Talvez, a melhor maneira de discutir a obra de Furio Jesi seja abordá-la longe dos limites disciplinares atuais e, no mesmo gesto, compreendê-lo como um pensador das travessias. Inicialmente, o jovem e prodigioso egiptólogo, nascido em Turim em 1941, dedicou suas pesquisas a temas que percorriam os campos da arqueologia e da papirologia. Mas, a inquietude desse italiano de origem judaica logo o levou a abandonar as fronteiras dos saberes aos quais se dedicava.
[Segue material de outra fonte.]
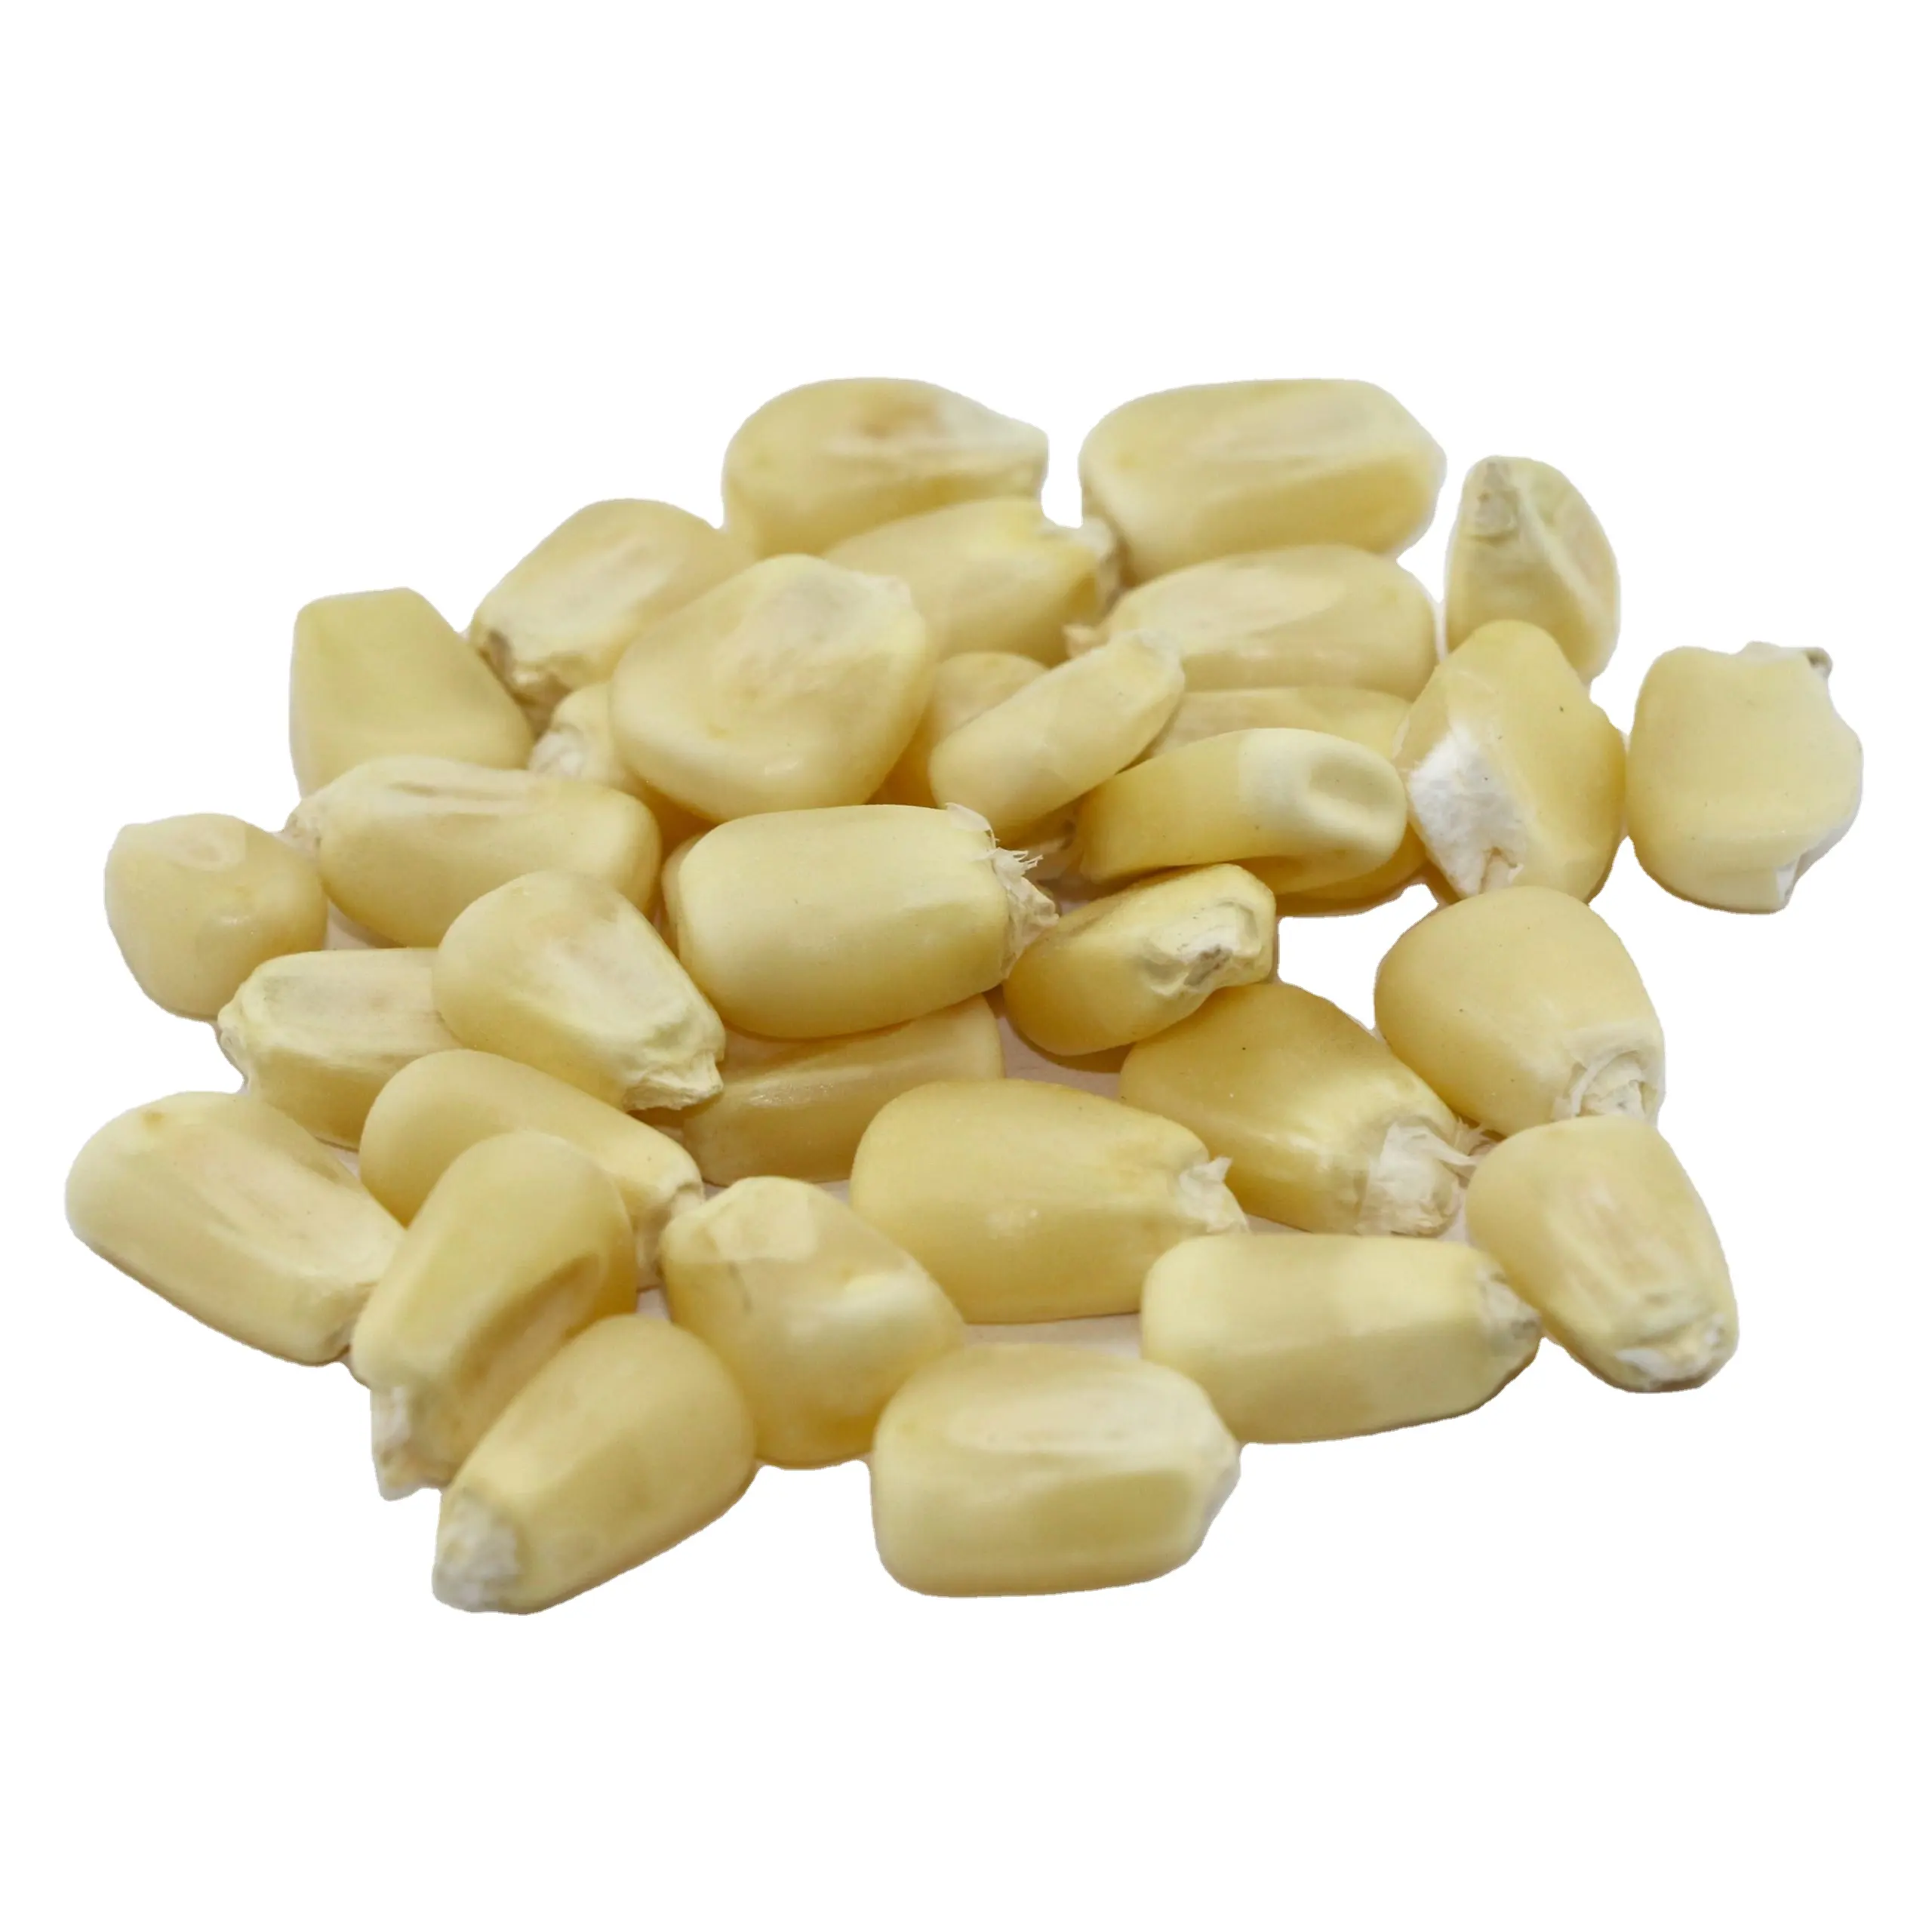 1バルクGMO/非GMO黄色および白トウモロコシ穀物、トウモロコシミール、トウモロコシ粉、小麦粉輸出業者のサプライヤー

Entre o fim da década de 1950 e início de 1960, uma virada impactou seus estudos, que passaram a abranger um repertório vasto e de profundidade insuspeita: da literatura à política, passando pela ciência do mito. Uma das chaves dessa guinada está relacionada à radicalização e à torção irônica que irá realizar sobre a distinção que seu antigo mestre, o mitólogo alemão Karl Kerényi, estabeleceu entre mito genuíno e tecnicizado – este último correspondendo a manipulações políticas de materiais mitológicos.

Kerényi acreditava que a substância mítica poderia ser acessada por sábios – como ele próprio, bem entendido – e poetas. O rompimento entre o humanista burguês e o jovem pensador de esquerda é, inextricavelmente, de ordem teórica e política. Para Furio Jesi, não se tratava de recuperar a verdade intemporal dos mundos arcaicos, mas de sondar a “fome dos mitos” saciada por aquilo que ele passou a chamar, por volta de 1972, de máquina mitológica. Suspendendo a diferença entre mito autêntico e inautêntico, seu modelo de pesquisa se dedicou antes a esquadrinhar a fabricação de mitologemas que giram em torno de um vazio – um quid – jamais preenchido.

Cultura de direita foi recém-publicado no Brasil pela editora Âyiné com tradução de Davi Pessoa. O cuidadoso trabalho do professor de língua e literatura italiana da Universidade Estadual do Rio de Janeiro (UERJ) está intimamente ligado às suas pesquisas sobre a obra de Furio Jesi. Há anos desenvolve trabalhos em torno de uma constelação de importantes pensadores, traduzindo autores como Giorgio Agamben, Franco Rella, Suzanna Mati, Mário Perniola e Luigi Pirandello.

O livro de Furio Jesi, que chega às livrarias brasileiras com nova tradução, está situado nas tentativas de modular seu modelo gnosiológico da máquina mitológica direcionando suas análises para a direita tradicional. A cultura de direita que surge nas páginas do livro funciona fundamentalmente através de “manipulações de materiais mitológicos”. O que está em jogo, portanto, é “a qualidade ideológica dessas manipulações, do caráter tradicional e, em geral, da relação com o passado”, fazendo emergir “um quadro preciso do presente e do futuro”. Portanto, a máquina mitológica de direita dispõe elementos fetichizados do passado como uma massa homogênea e indiferenciada da qual extrai lugares-comuns, formas exemplares, palavras de ordem, estilemas, estereótipos, cifras esotéricas que dividem mestres e iniciados, etc.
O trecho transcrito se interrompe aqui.